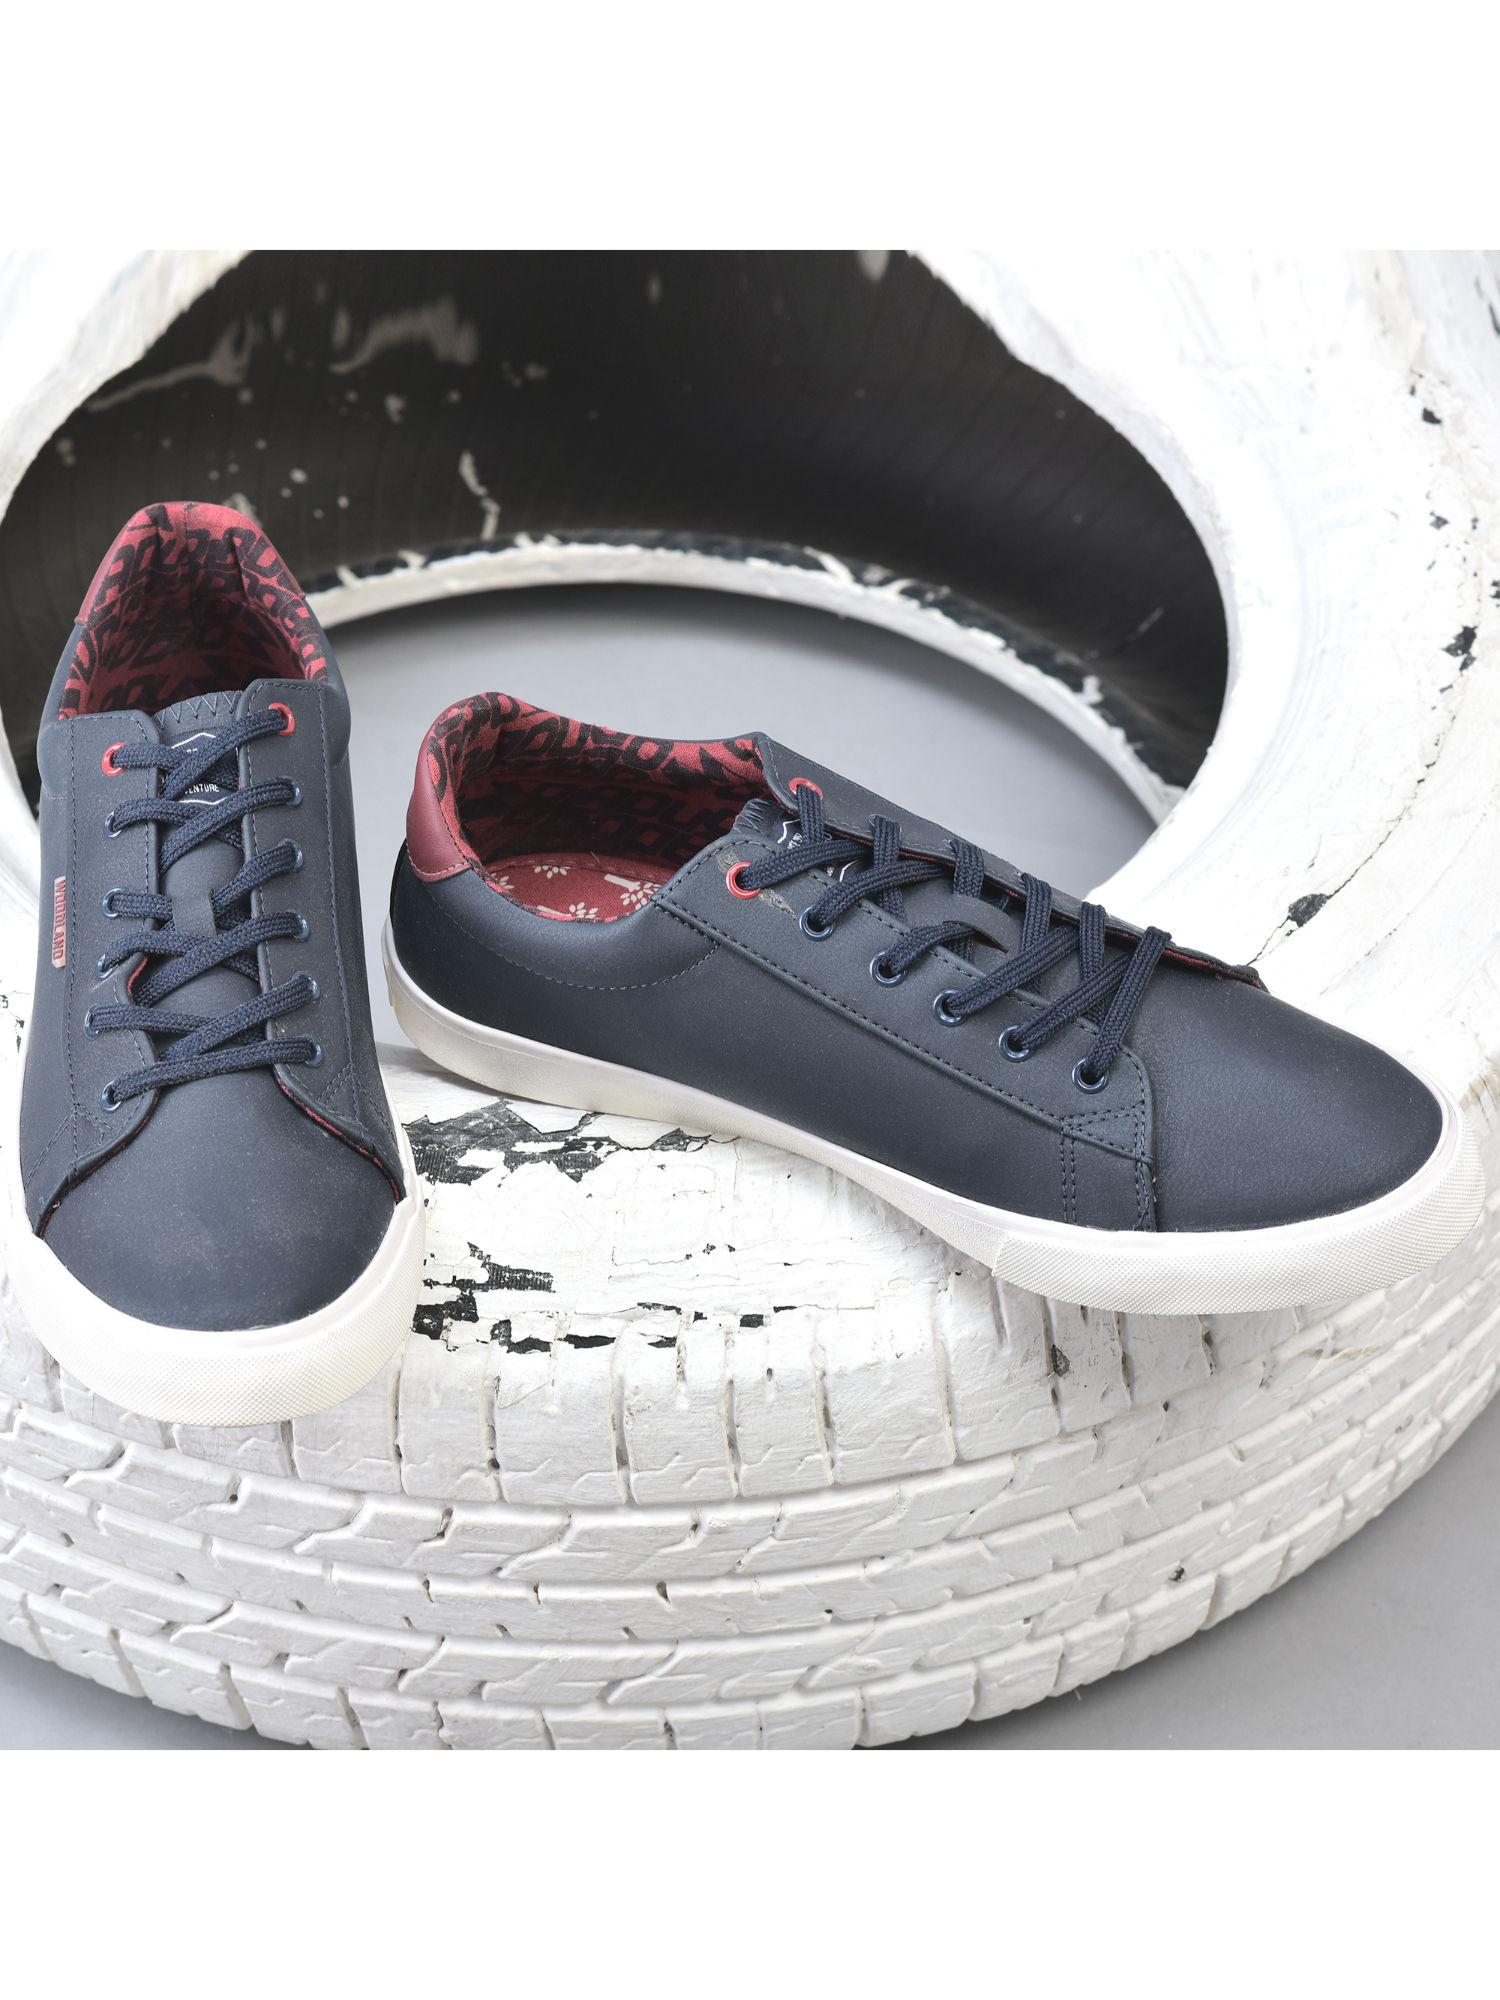 mens-grey-canvas-shoes
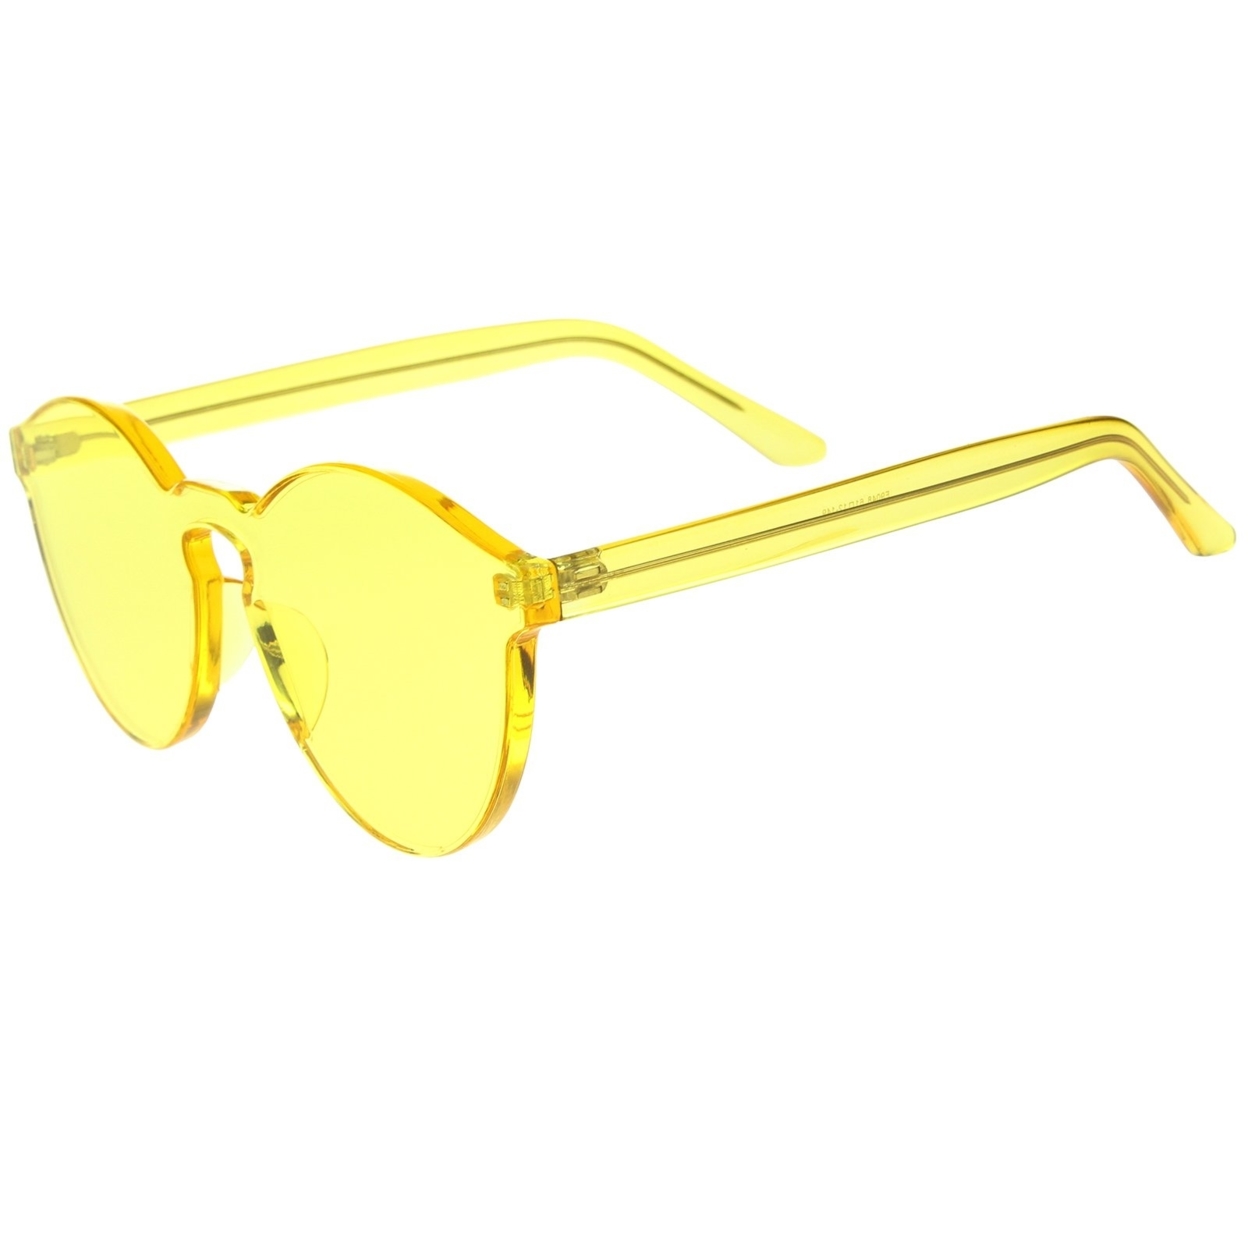 One Piece PC Lens Rimless Ultra-Bold Colorful Mono Block Sunglasses 60mm - Smoke
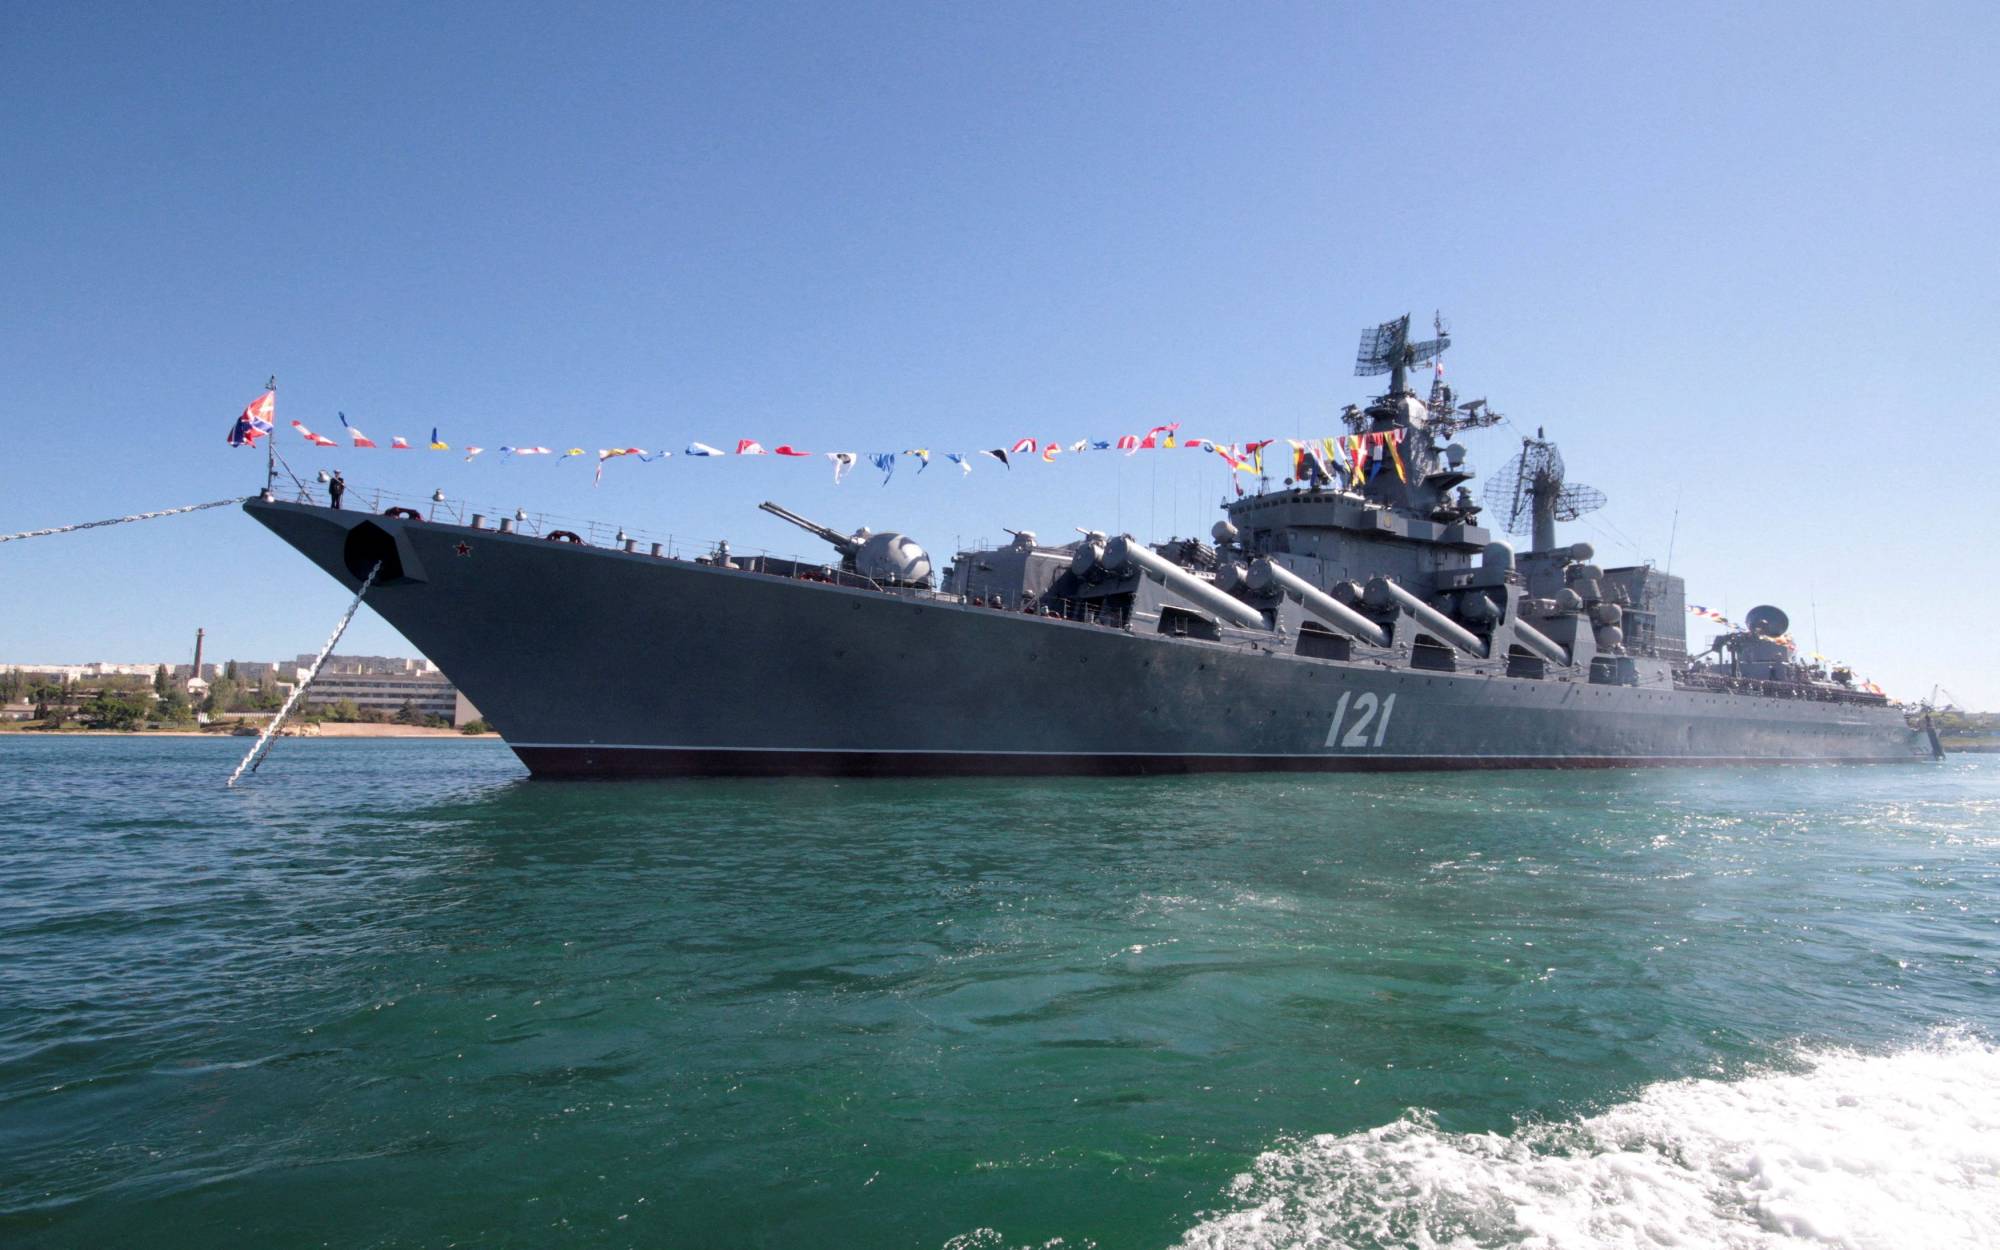 Russian missile cruiser Moskva moored in the Ukrainian Black Sea port of Sevastopol, Ukraine, in 2013 | REUTERS

- [The problem]:
A verbatim copy of the listing is required, with all pictures left out.

- [Solution]:
 mens-grey-canvas-shoes
 One Piece PC Lens Rimless Ultra-Bold Colorful Mono Block Sunglasses 60mm - Smoke
 Russian missile cruiser Moskva moored in the Ukrainian Black Sea port of Sevastopol, Ukraine, in 2013 | REUTERS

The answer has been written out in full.